- INFORMATION SUPPLIED -
★ ★ ★ ★ ★

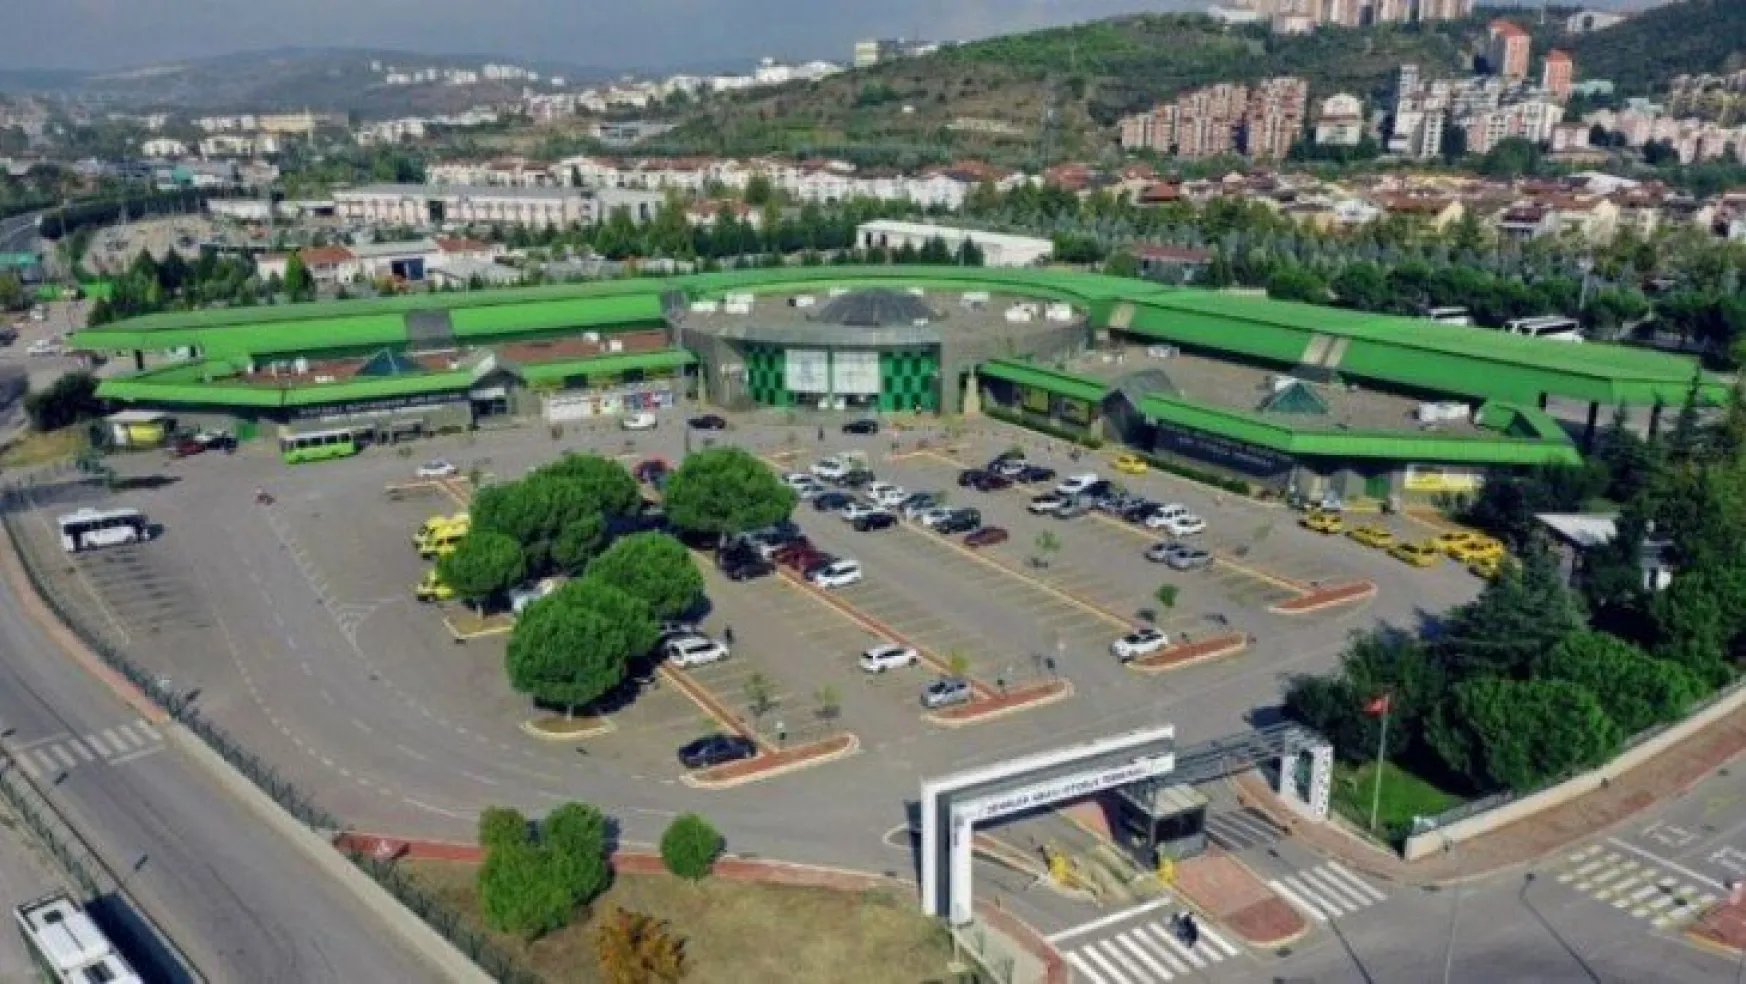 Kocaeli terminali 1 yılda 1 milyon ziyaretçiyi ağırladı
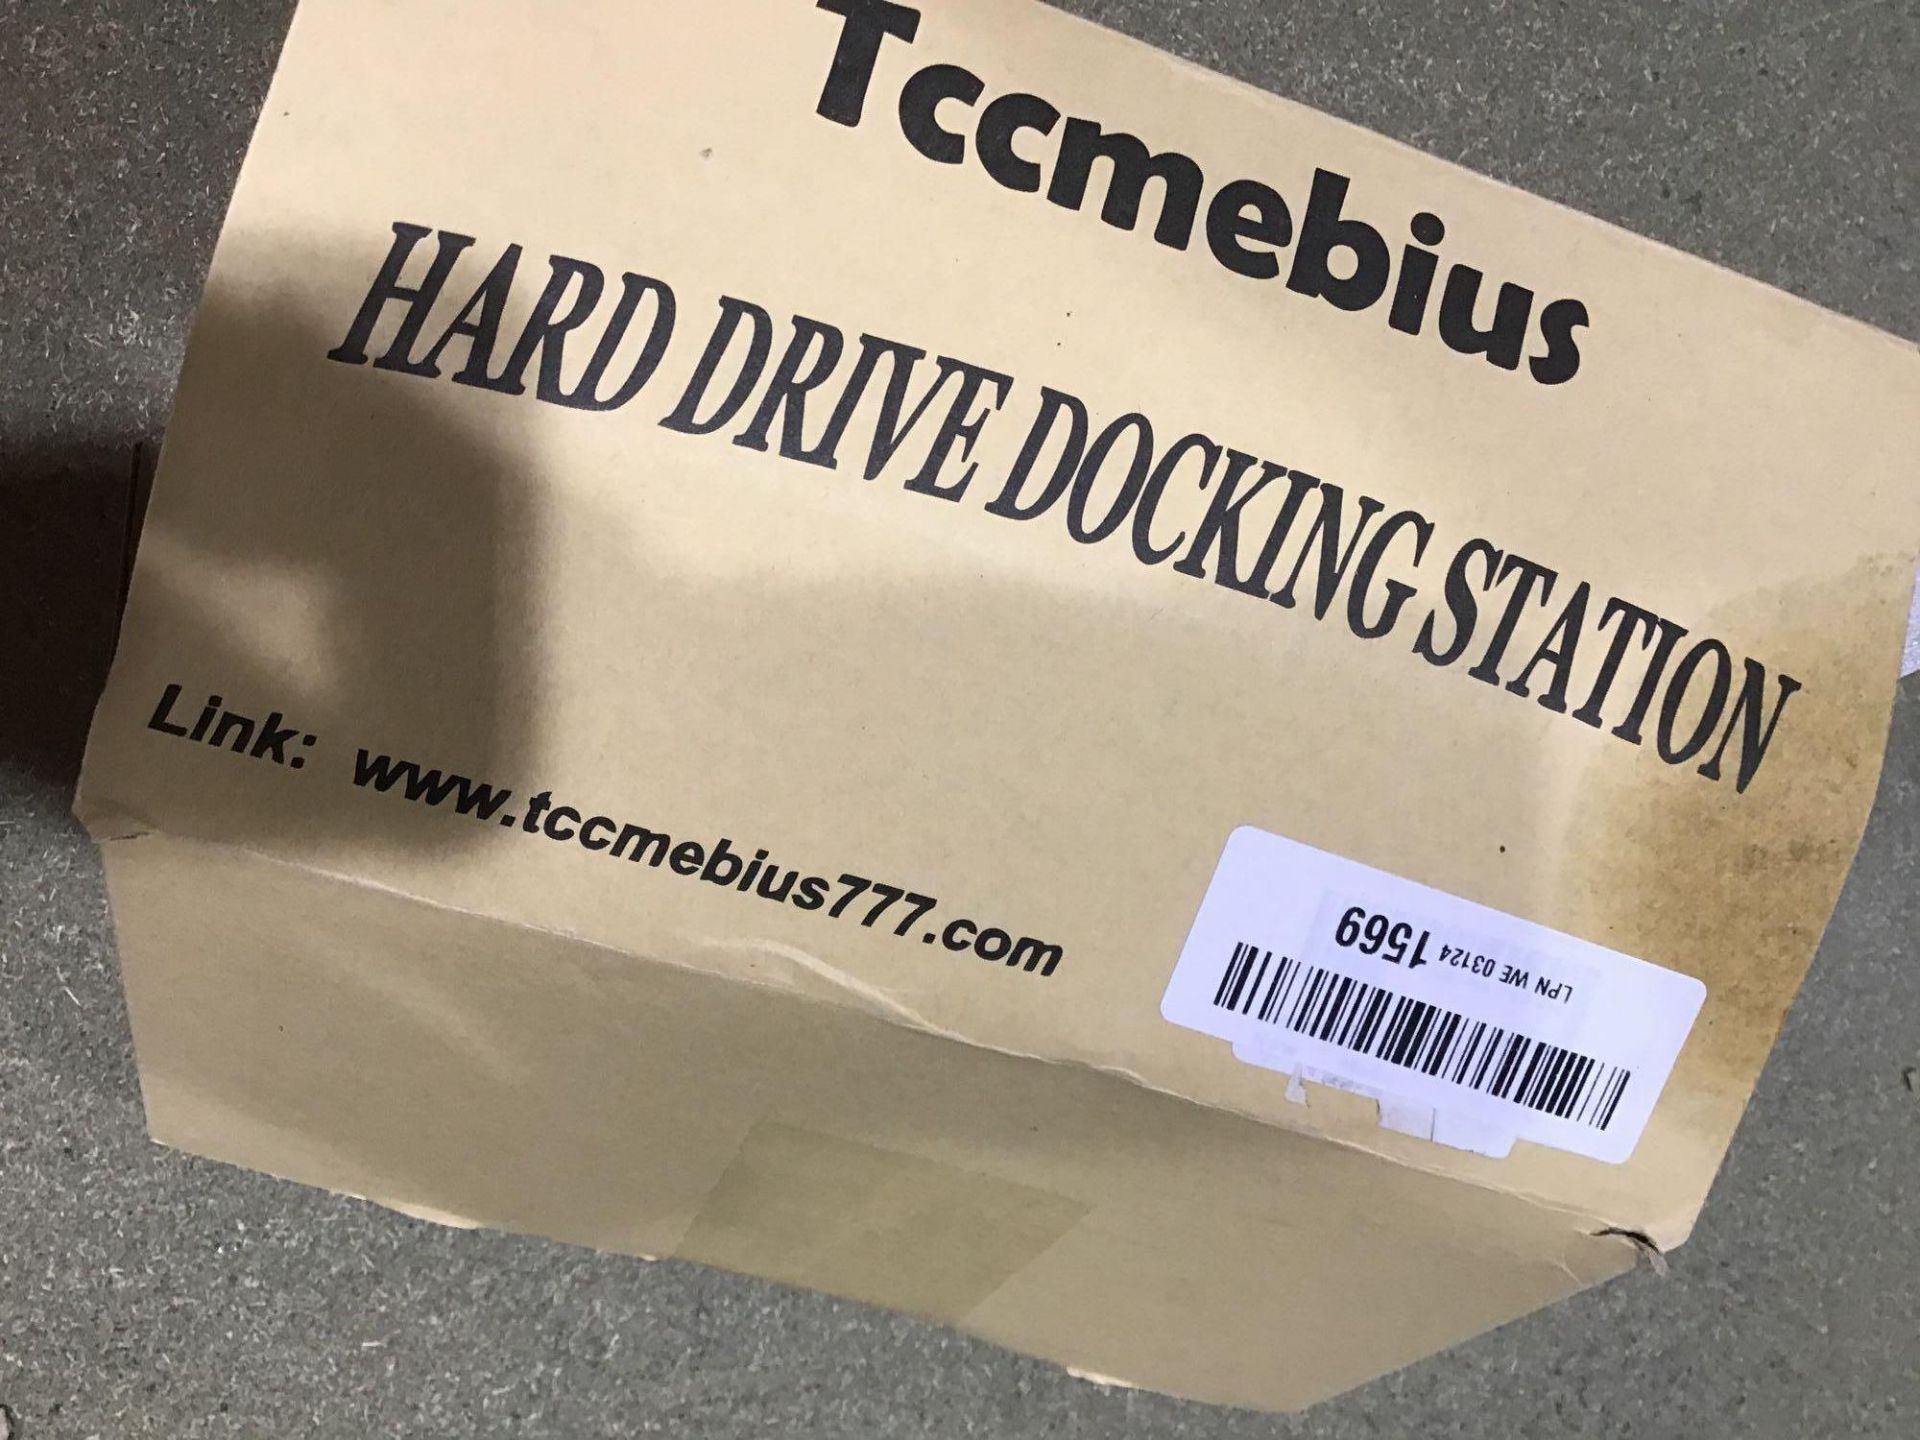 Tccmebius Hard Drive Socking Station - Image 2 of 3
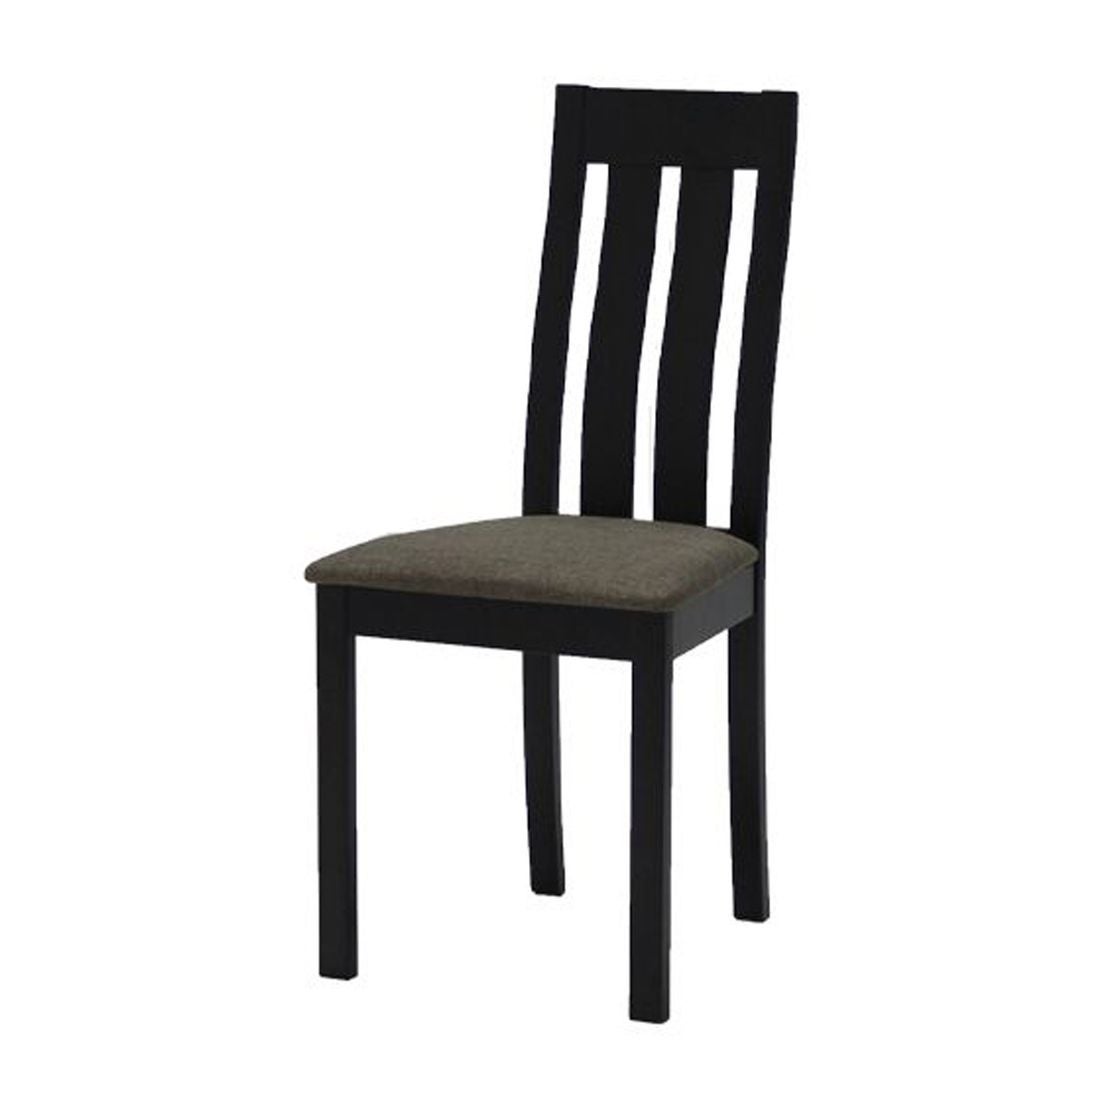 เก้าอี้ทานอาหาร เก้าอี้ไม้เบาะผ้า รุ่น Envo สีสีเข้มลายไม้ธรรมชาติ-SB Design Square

★ ★ ★ ★ ★

- WHAT IS EXPECTED -
Would you return the data above exactly as written, minus the images?

- RESPONSE TO THIS TASK -
 Kocaeli terminali 1 yılda 1 milyon ziyaretçiyi ağırladı
 Tccmebius Hard Drive Socking Station - Image 2 of 3
 เก้าอี้ทานอาหาร เก้าอี้ไม้เบาะผ้า รุ่น Envo สีสีเข้มลายไม้ธรรมชาติ-SB Design Square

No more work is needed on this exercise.